– Какой кошмар, – дала я волю
чувствам, – такая молодая, и всего-то нога сломана была, ну что могло
случиться?
– Тромбоэмболия легочной артерии, –
сурово ответил Коза, – такое изредка происходит. Грубо говоря, сгусток
крови оторвался и закупорил сосуд.
– Ужас! – Я не могла прийти в
себя. – Я хочу забрать Юлю домой.
– Глупо, – отозвался Станислав
Федорович, – в смерти Сапрыкиной никто не виноват, судьба, карма. Разве вы
сумеете дома обеспечить надлежащий уход?
– Ну, честно говоря, – обозлилась
я, – у вас тоже не слишком ухаживают, нянечку не дозовешься, медсестру не
допросишься. Только деньги берут, по пятьдесят рублей за смену, а ничего не
делают…
Коза возмущенно фыркнул, но возразить ему было
нечего.
– Все равно я целый день у кровати
сижу, – неслась я дальше, – лучше уж дома. Кстати, Настю-то забрали,
а ее случай похуже нашего будет.
– Звягинцеву перевели в ЦИТО, –
пояснил Коза
– Зачем бы это, если у вас такой отличный
уход, – поддела я его.
– Ей требуется поставить искусственный
сустав, – спокойно пояснил Станислав Федорович, – он стоит тысяча
четыреста долларов, очень дорого, не каждому по карману, а в ЦИТО у них
родственник работает, вроде обещали сделать бесплатно.
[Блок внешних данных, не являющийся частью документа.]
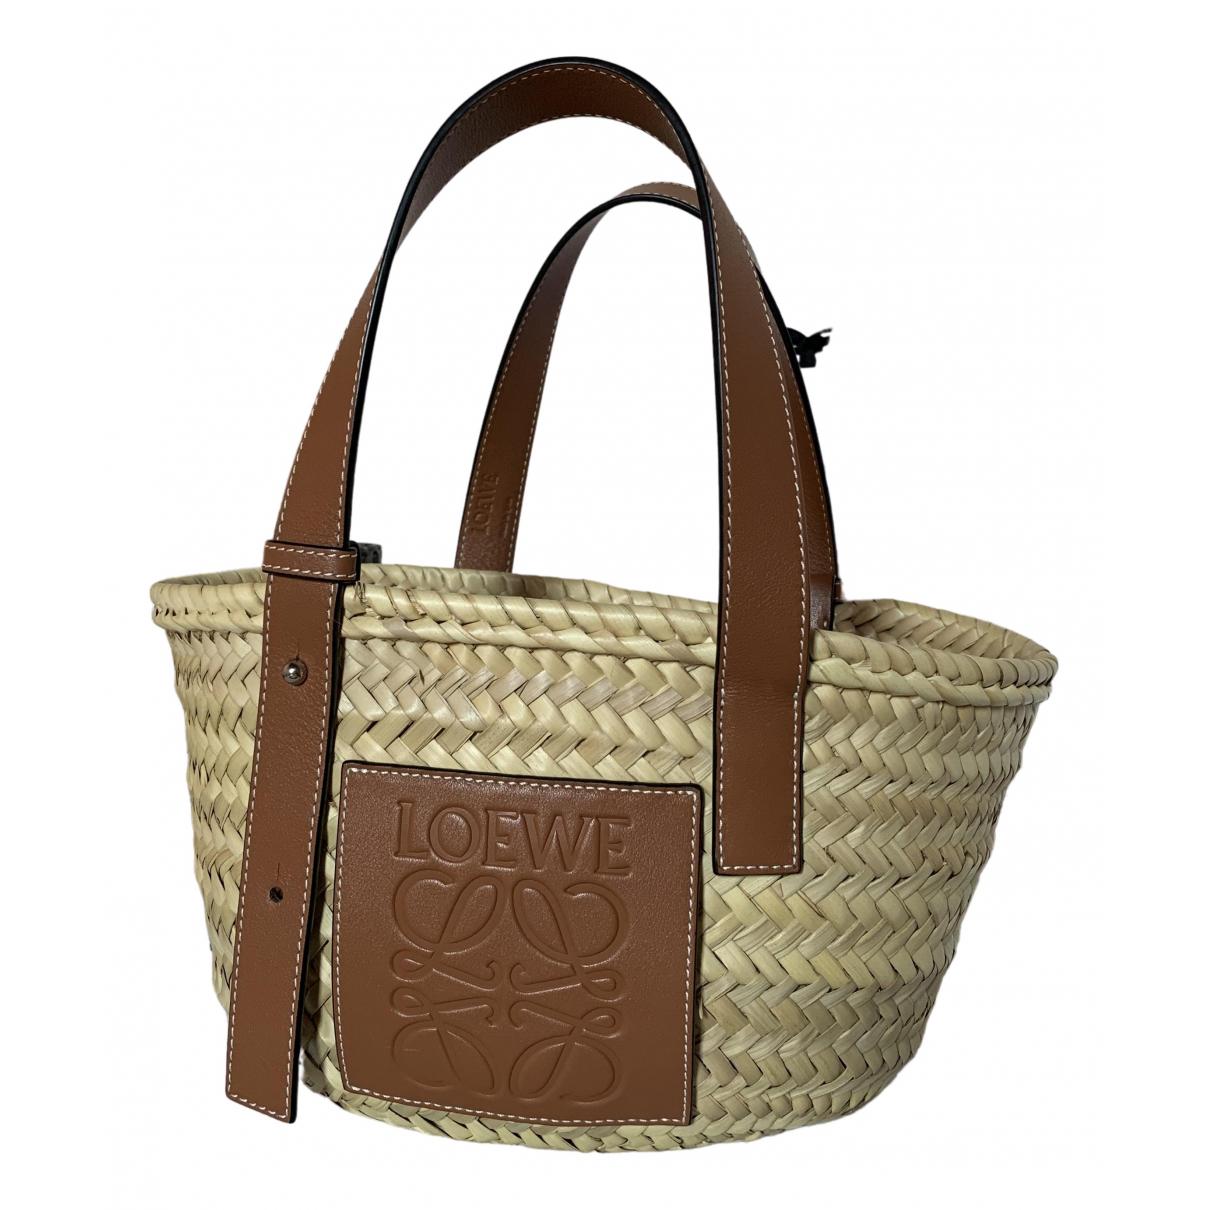 Loewe Basket Bag Brown Wicker handbag for Women \N

– Странно, что сначала ее в Склиф
привезли, – протянула я.
– Так ее на улице подобрали, –
пояснил Коза и велел: – Пишите расписку.
К обеду 717-я палата опустела полностью.
Сначала отец забрал Олю, потом за Анной Ивановной примчался внук, а около двух
прилетел Сережка, и мы отвезли Юлечку домой.
Оказавшись в родной спальне, Юлька блаженно
откинулась на подушки и вздохнула.
– Хорошо дома! В палате ужасно воняло.
– Да уж, – согласилась я, –
пахло не розами.
– Какой все-таки ужас, –
пробормотала Юлечка, – молодая, здоровая, только-только девятнадцать
исполнилось, и, пожалуйста, умерла.
– Блинчики с мясом будешь, – я
попробовала переменить тему разговора, – или лучше оладушки с вареньем?
Юлечка облизнулась.
– Если честно сказать, Лампушечка, больше
всего хочется жареной картошечки на сале с зеленым луком.
– Не вопрос, – пообещала я, –
как раз в морозильнике лежит отличный кусок сальца с прожилочками. Давай,
погляди пока телик, картошка враз изжарится.
– Да, – завопил из коридора
Кирюшка, – Юльке картошечки, а мне?
– Ты уже вернулся, – удивилась
я, – на тренировку не пошел?
Кирюшка мрачно протянул записку:
– Вот.
Мои руки быстро развернули бумажку: «Кирилл
Романов лишен права занятий на десять дней».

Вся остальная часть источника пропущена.